**Aim of the exercise**
I'd like the full listing transcribed exactly, with no images included.

[[ Data extract, beginning ]]

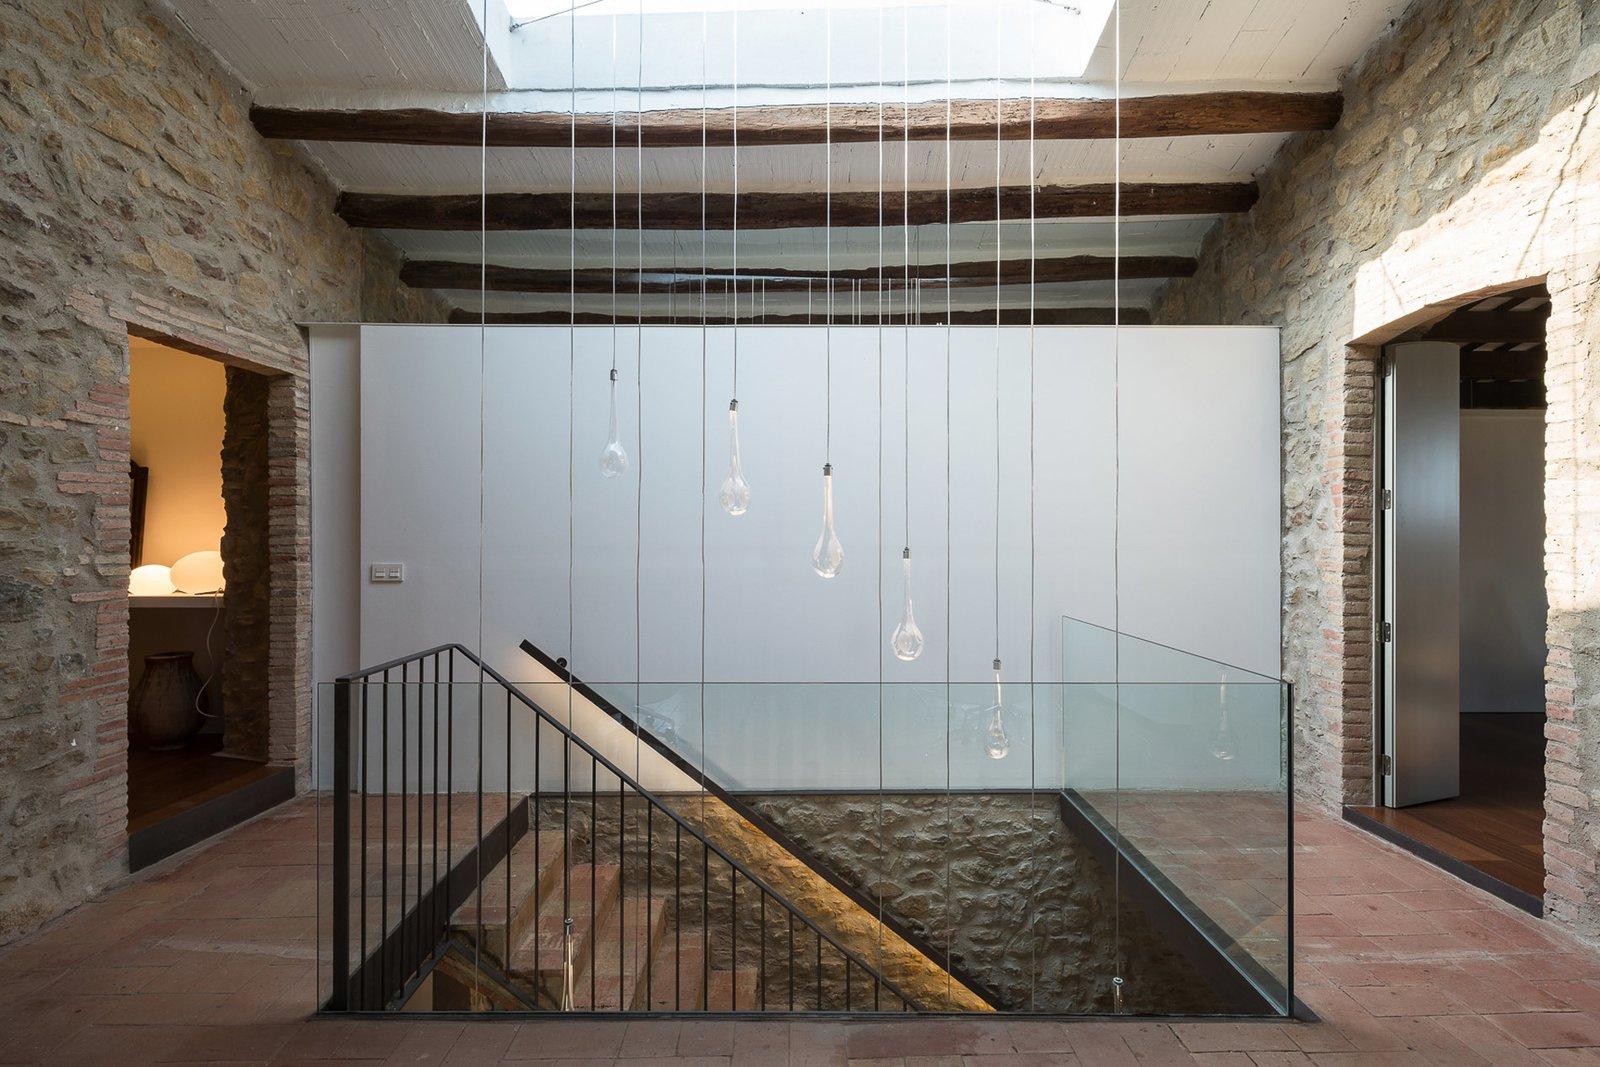 Photo 10 of 14 in Farmhouse In Girona, Spain
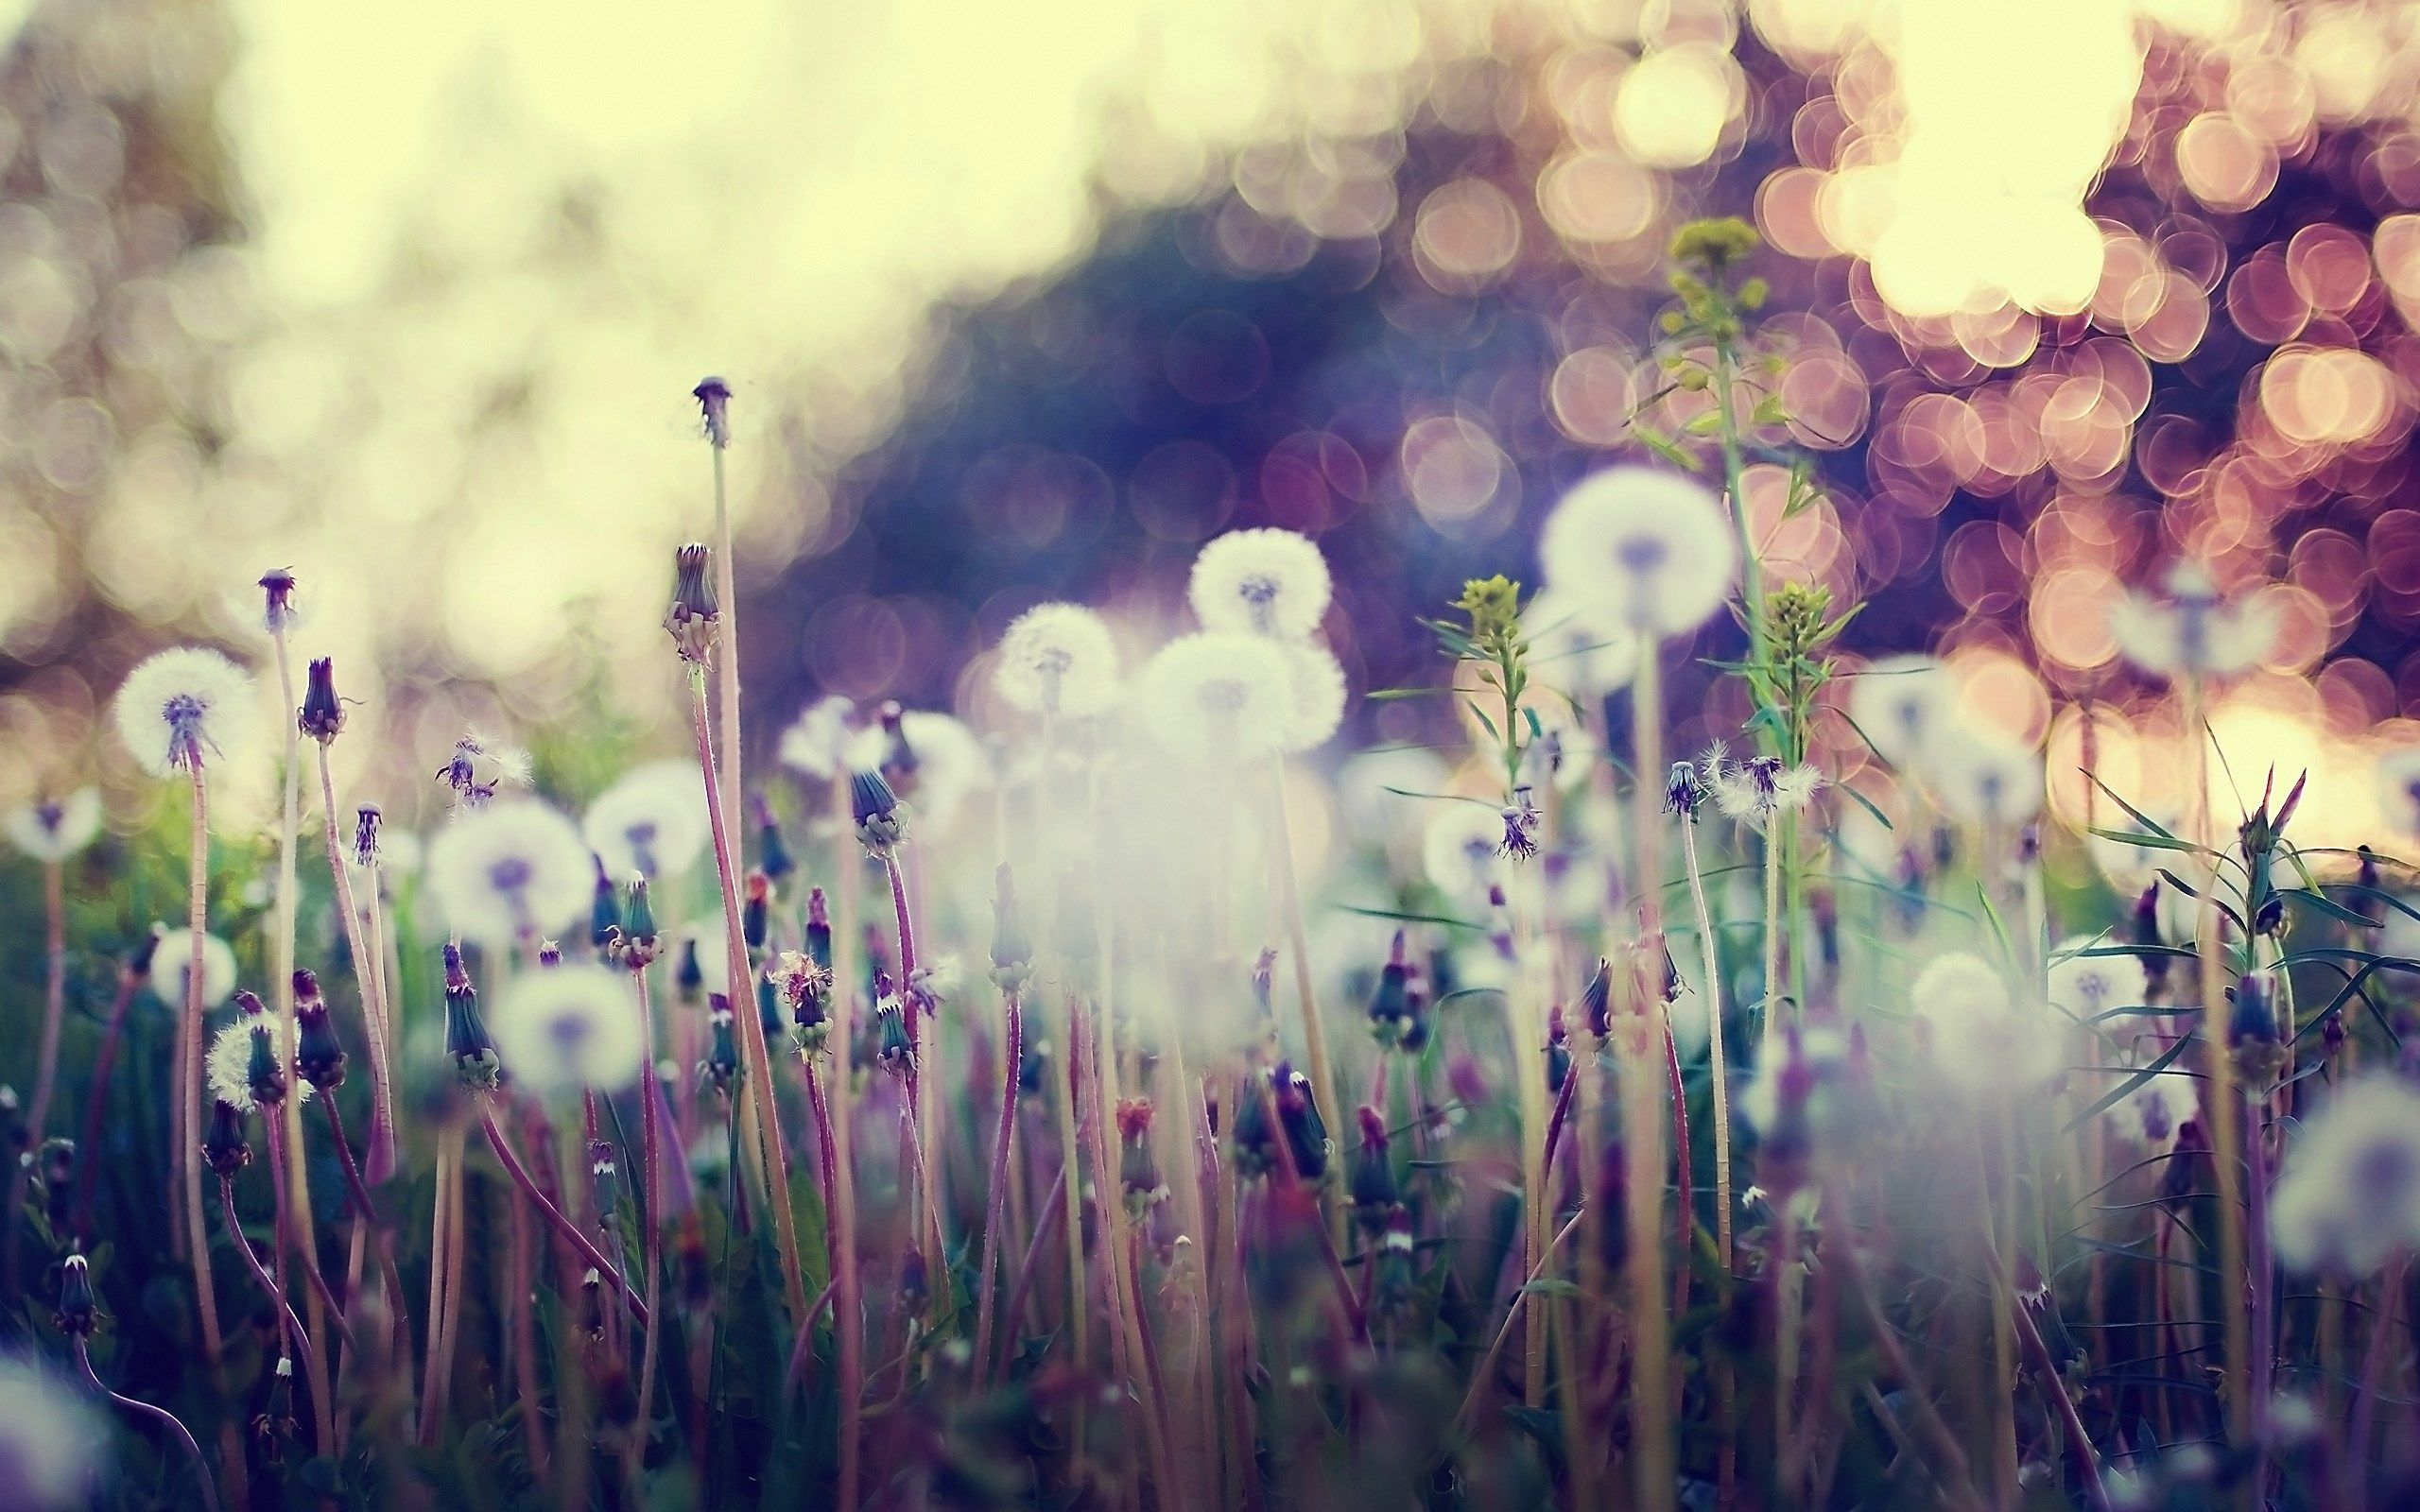 macro wallpaper | macro-dandelions-grass-flowers-nature-hd
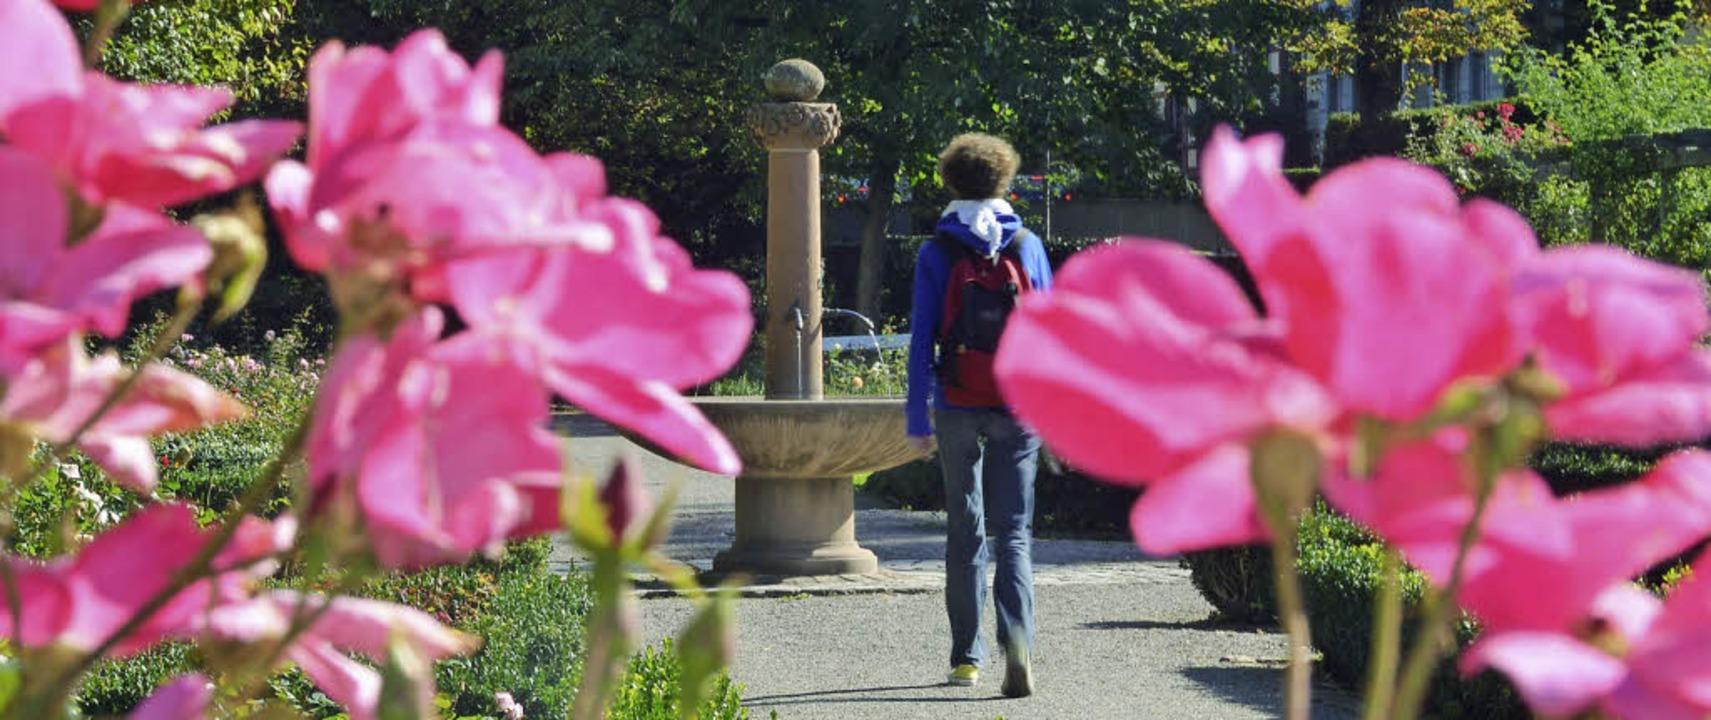 Der Rosengarten an der alten Stadtmaue... Erneuerung ab Frühjahr 2014 fließen.     Foto: Helmut Seller

[[ Data extract, end ]]

**Problem solution**
 Photo 10 of 14 in Farmhouse In Girona, Spain
 macro wallpaper | macro-dandelions-grass-flowers-nature-hd
 Der Rosengarten an der alten Stadtmaue... Erneuerung ab Frühjahr 2014 fließen.     Foto: Helmut Seller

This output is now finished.